The CAC initiated a review of both apps less than two weeks after the company went public in the U.S, and halted all new user registrations. Like Kanzhun, the company’s stock price dropped significantly after the announcement of the probe.
The FTA said in a statement that they “will fully cooperate with [the] Cybersecurity Review Office (CRO) during the cybersecurity review process,” and that they are “conducting a comprehensive self-examination of any potential cybersecurity risks and will continue to improve its cybersecurity systems and technology capabilities.”
“FTA hopes its full cooperation will assist CRO to complete its review process smoothly.” Despite its cooperation, FTA stock was trading down 2.53% at US$31.20 per share on July 8.
This all occurred before Didi, a popular Chinese ride-sharing app much like Uber, was banned from app stores in China.

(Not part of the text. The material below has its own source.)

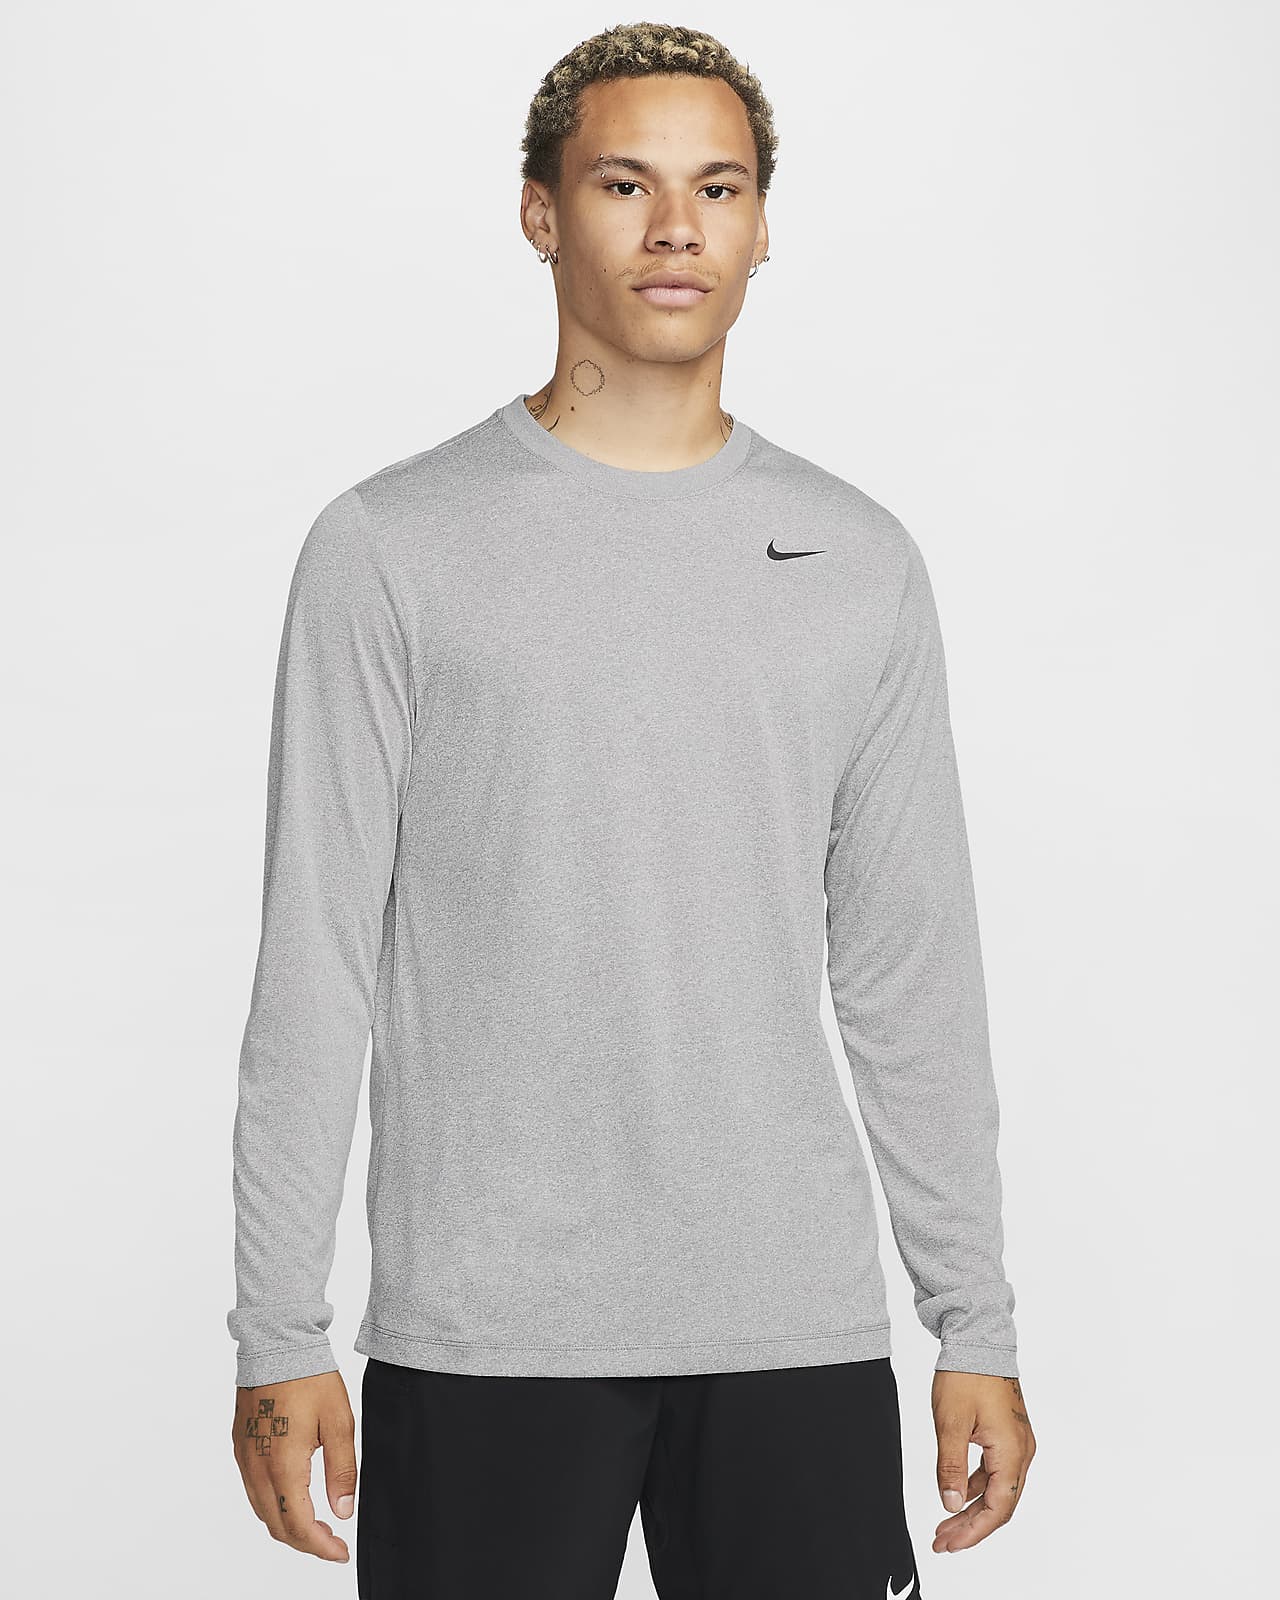 Nike Dri-FIT Legend Men's Long-Sleeve Top. Nike.com
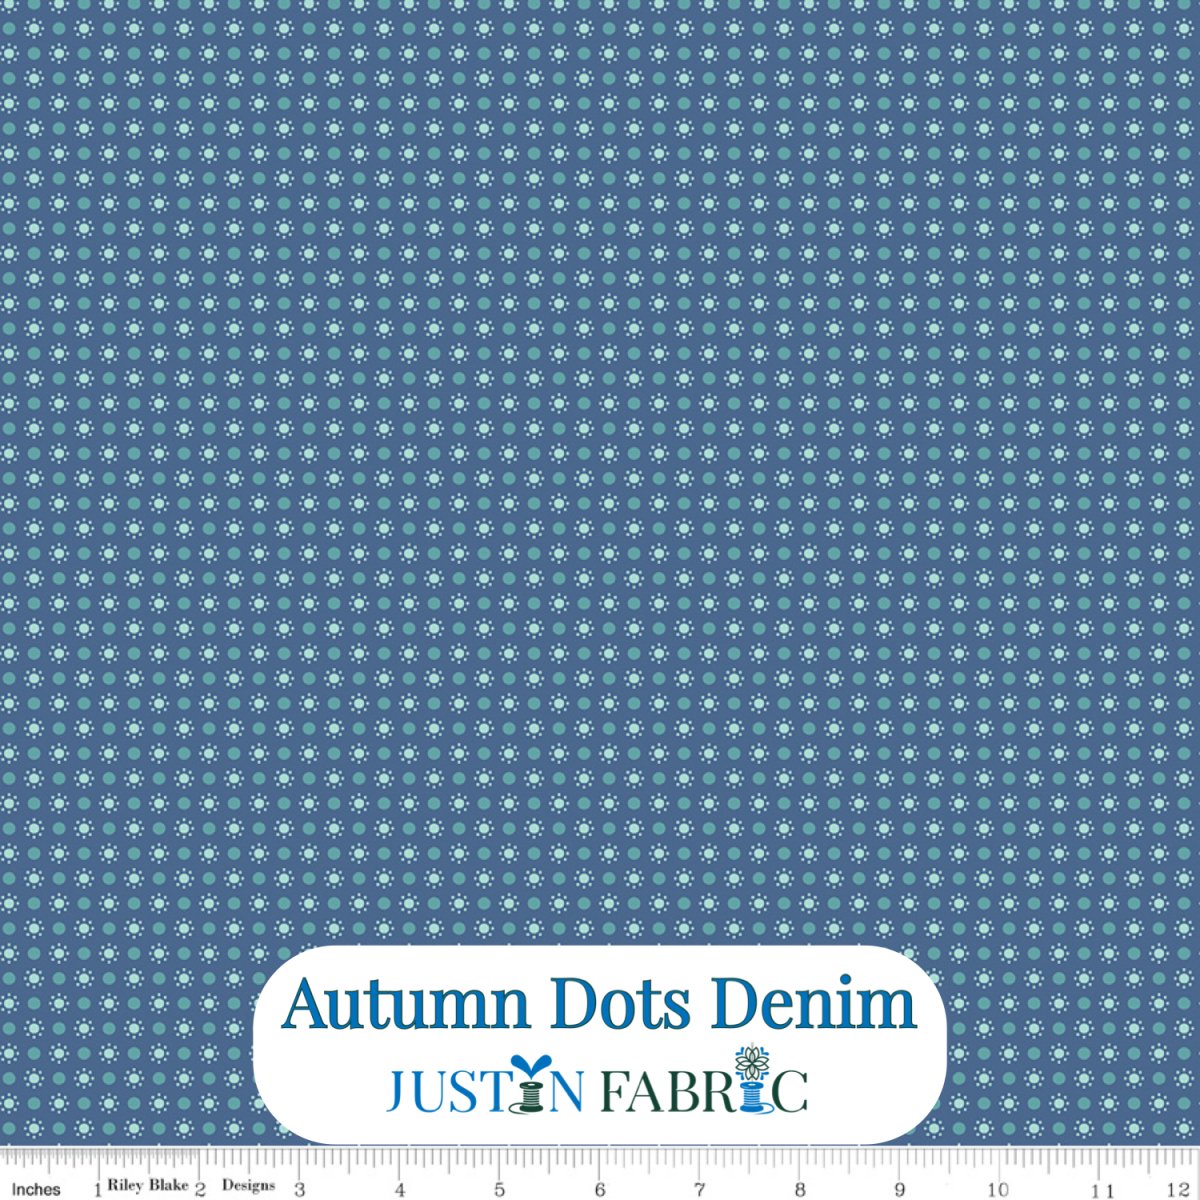 Autumn Dots Denim Cotton Yardage by Lori Holt | Riley Blake Designs -C14657-DENIM - Justin Fabric!

The company, which boasts 377 million active users in China alone, was banned mere weeks after it went public on the NYSE in the biggest U.S. share offering by a Chinese company since Alibaba debuted in 2014.
The banning of the app has inspired investors to fire back. Two lawsuits were filed in federal court in New York and Los Angeles on Tuesday, July 6. The lawsuits allege that Didi failed to disclose ongoing talks with Chinese authorities about its compliance with the Data Security Law and its associated regulations.
The lawsuit name Didi’s Chief Executive Officer, Will Wei Cheng, as well as several other executives and directors involved with the operation. Underwriters for the company’s IPO, Goldman Sachs, JPMorgan Chase, and Morgan Stanley, were also named as defendants.